Shipments were 2.23 million tons compared to 2Mt in the previous quarter, and the average sales price increased from $US37.60 per ton for the 2004 fourth quarter to $US43.27/t for the 2005 first quarter.
Net income available to common shareholders for the quarter was $US309,000.
"The coal markets remain very robust, and have actually strengthened during the traditional shoulder season. We expect this will have a positive impact on our open contract position for expected shipments in 2006 and 2007,” James River chief Peter Socha said.
Total production from company and contractor mines was about 180,000t below internal goals for the quarter. More than half of the shortfall was from a contractor surface mine delaying ramp-up from January to April due to inclement winter weather and delays in obtaining production equipment.
Higher mining costs continued to be a challenge for James River. Increases in mining costs were attributed to rising costs in materials including steel-based products, labour and benefits, and trucking costs.
Mining type also affected mine productivity and costs.

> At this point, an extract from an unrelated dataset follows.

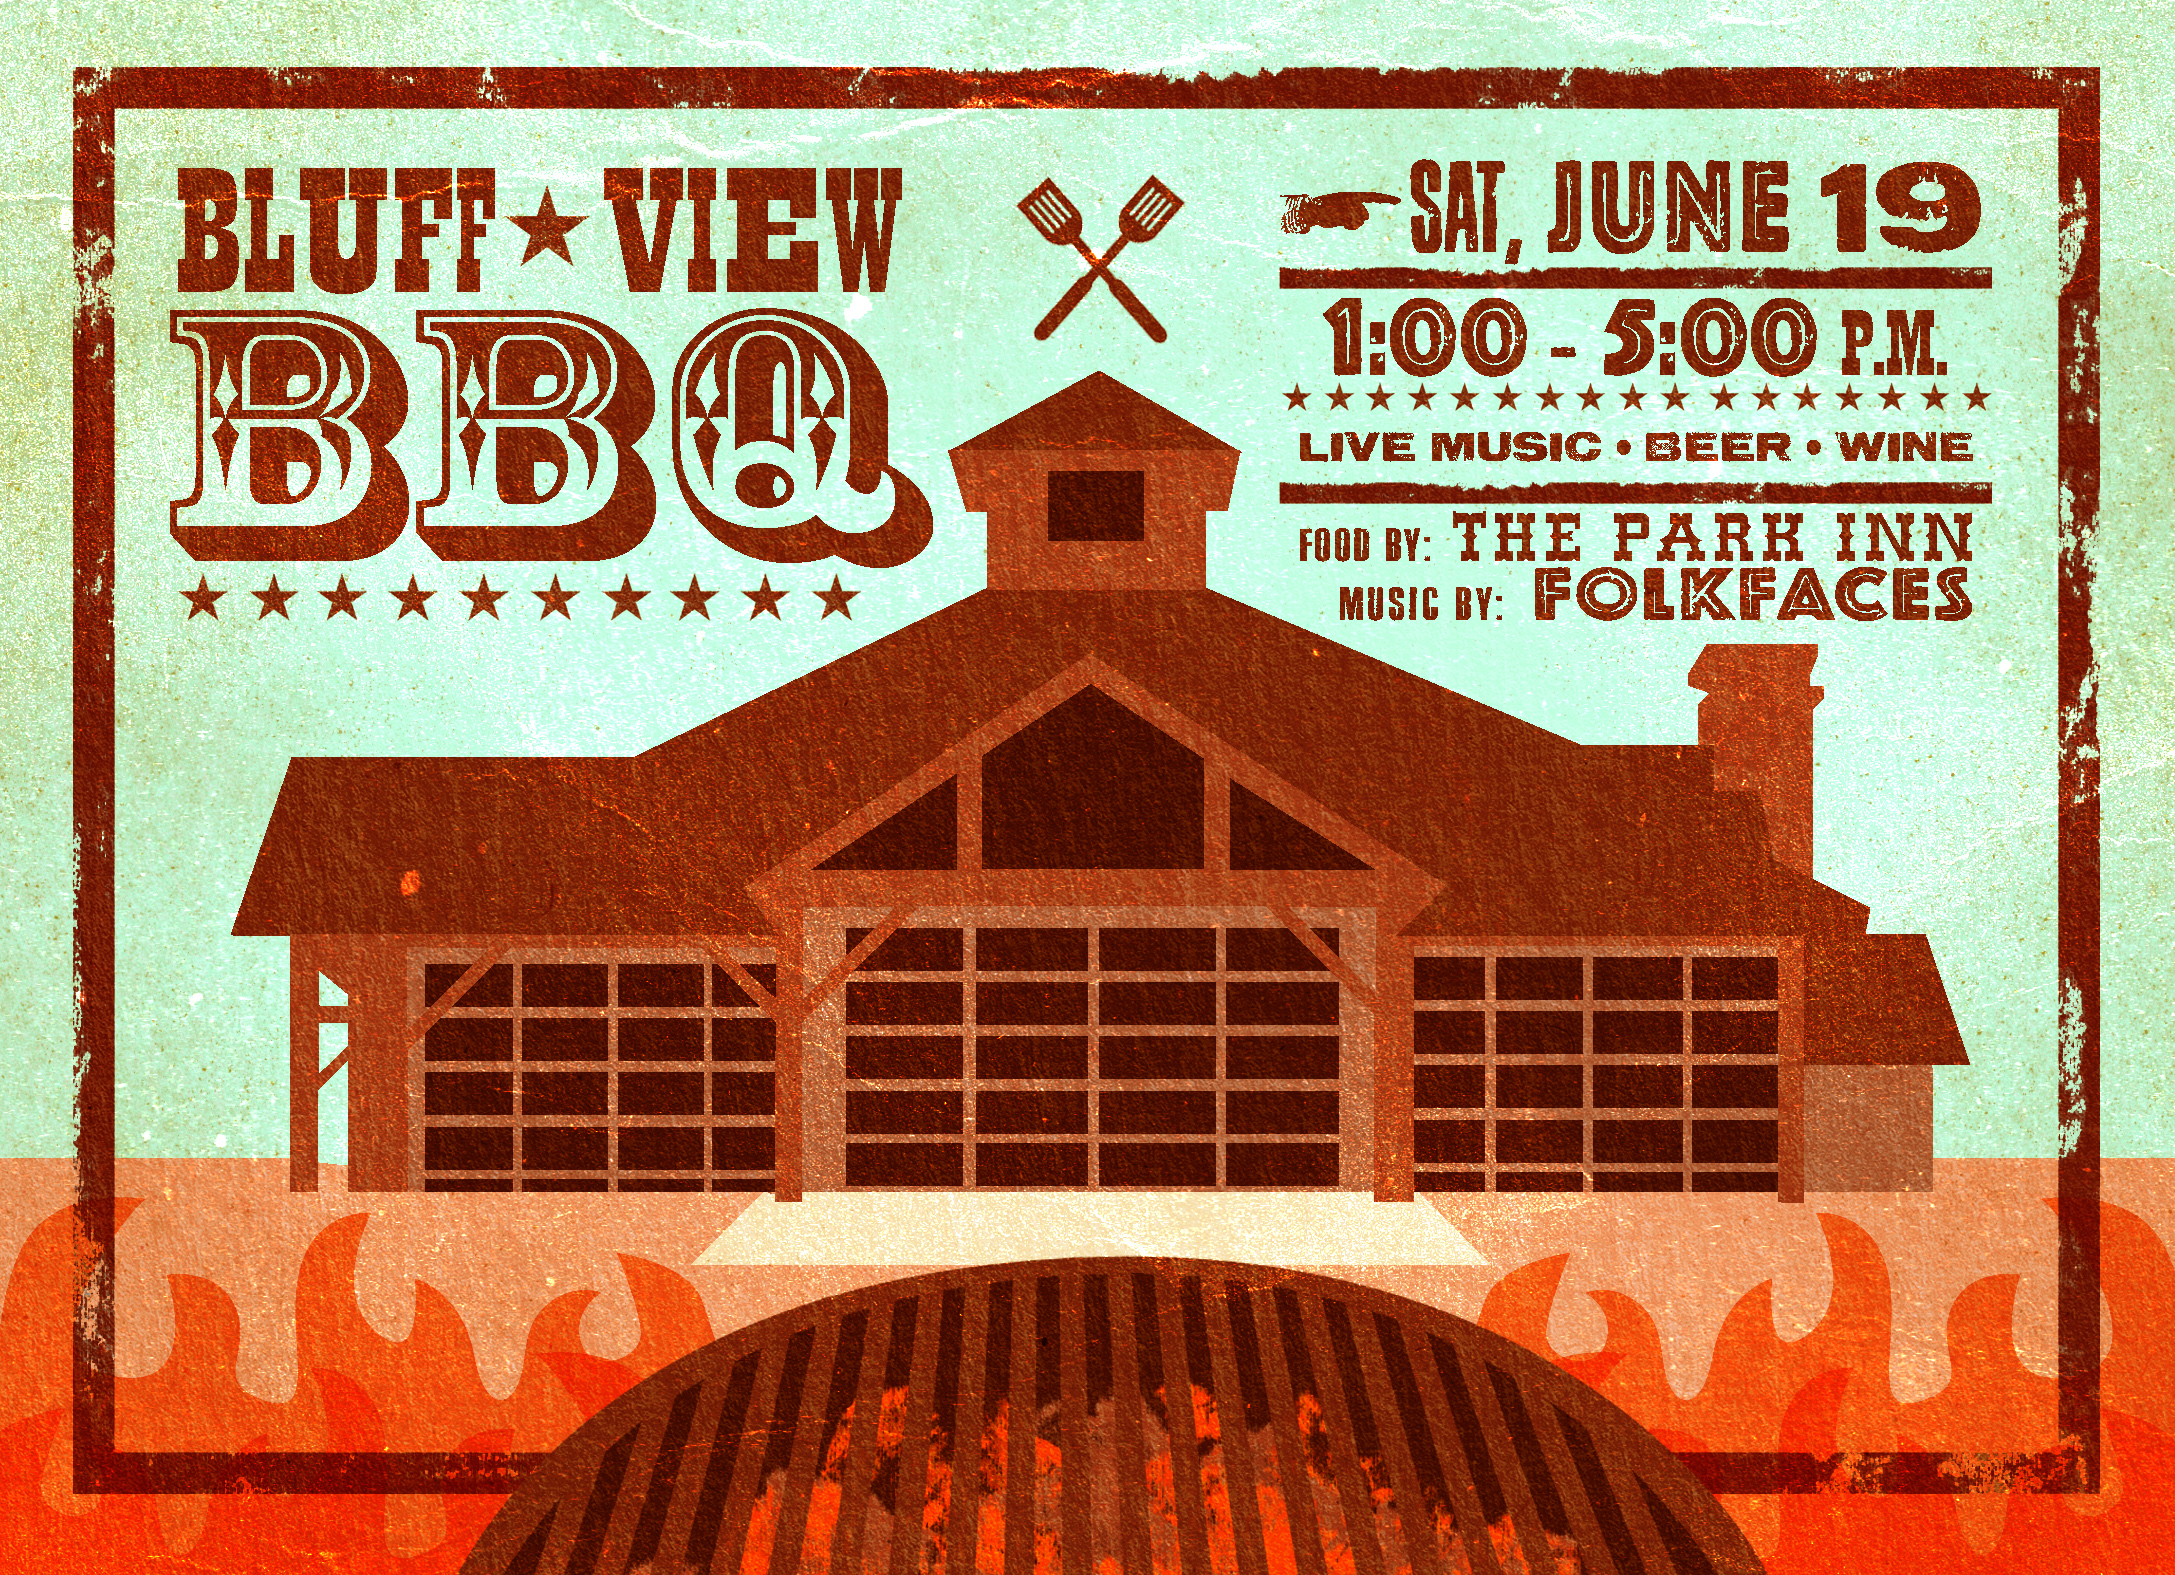 Bluff View BBQ Graphic with text
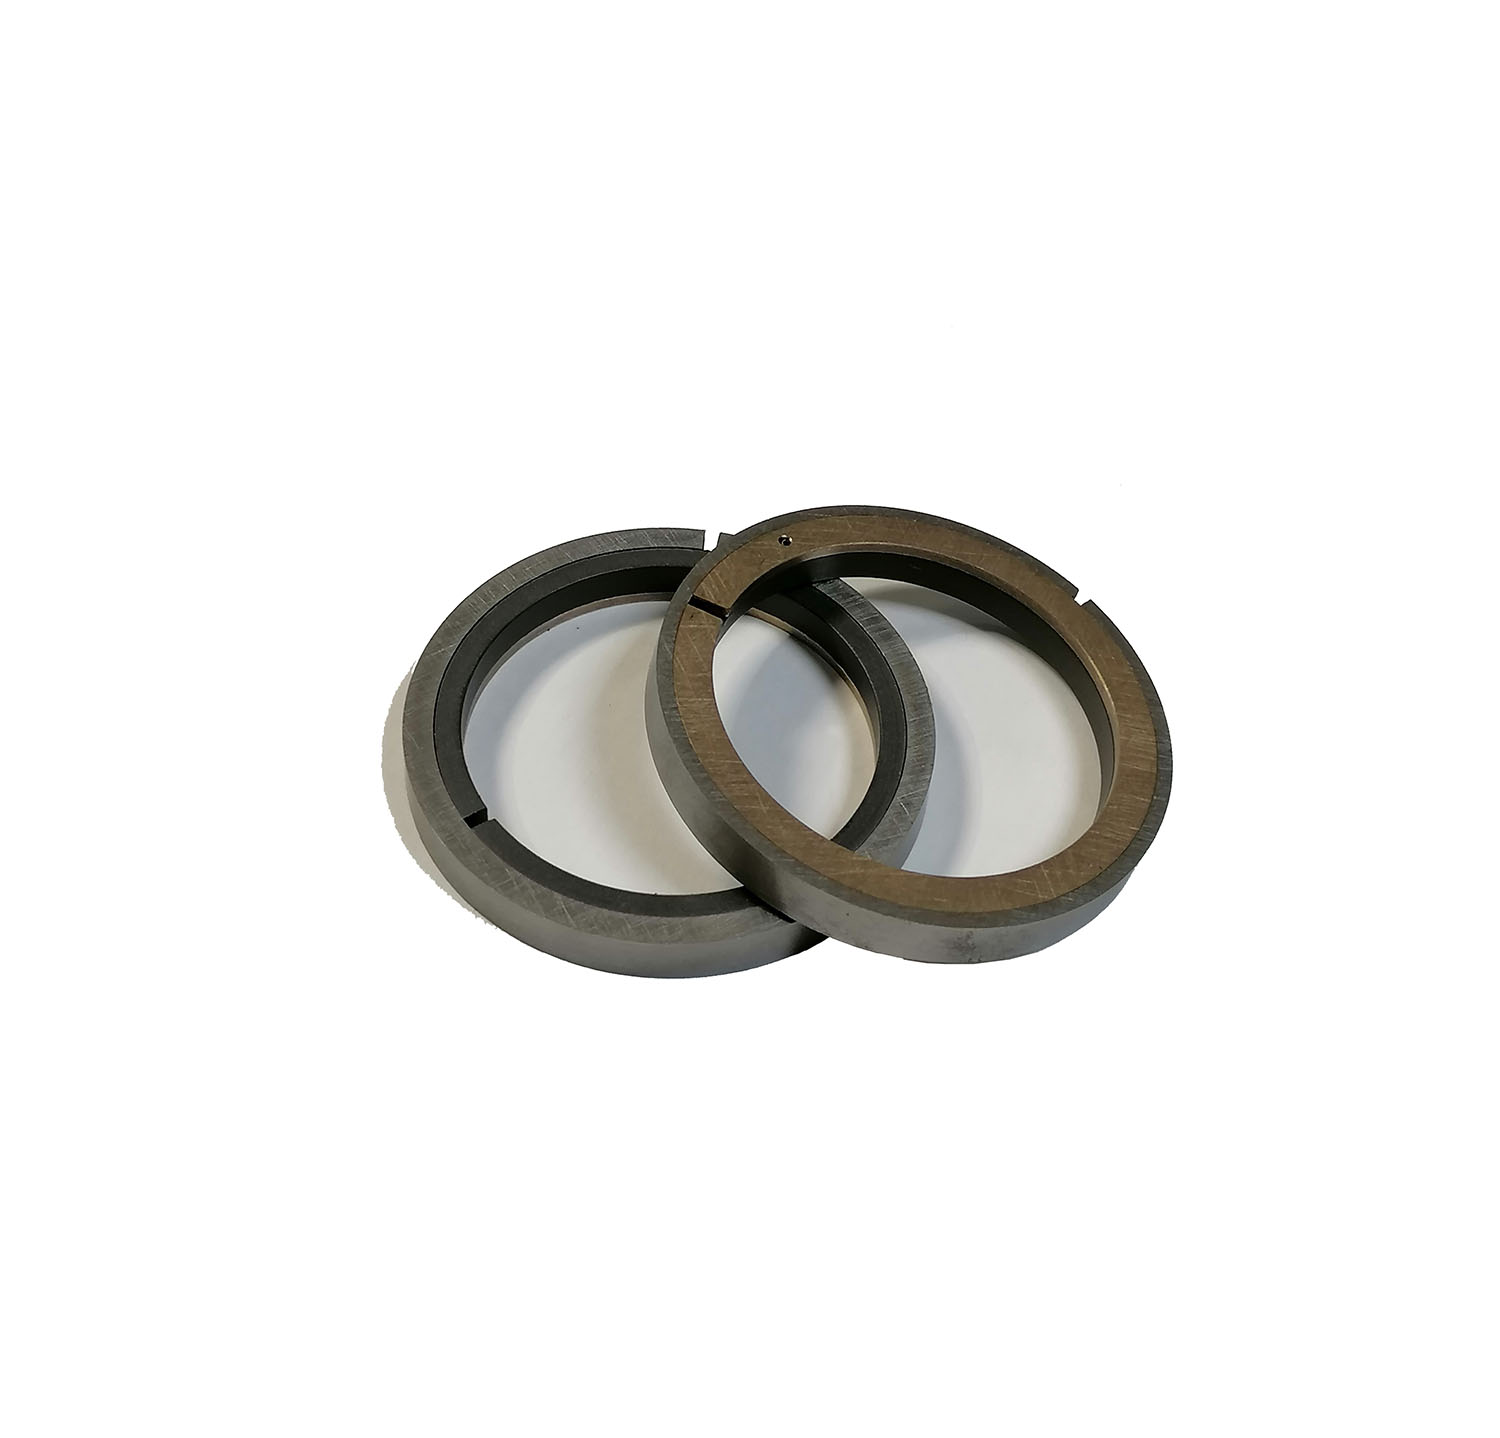 Purchase replacement rings for ABC compressors. Talleres Haizea manufactures and sells sealing rings, scrapers pressure breakers and anti heat rings for the maintenance of air compressors

During the first quarter, a higher proportion of mines were conducting new advancement operations within individual mine panels.
James River’s Mine 15 development at the McCoy Elkhorn complex remained on schedule with the slope and shaft of the mine reaching the bottom of the coal seam.
Limited coal production from the mine will begin in the 2005 fourth quarter with full ramp-up to 1.5Mt expected by the end of 2006.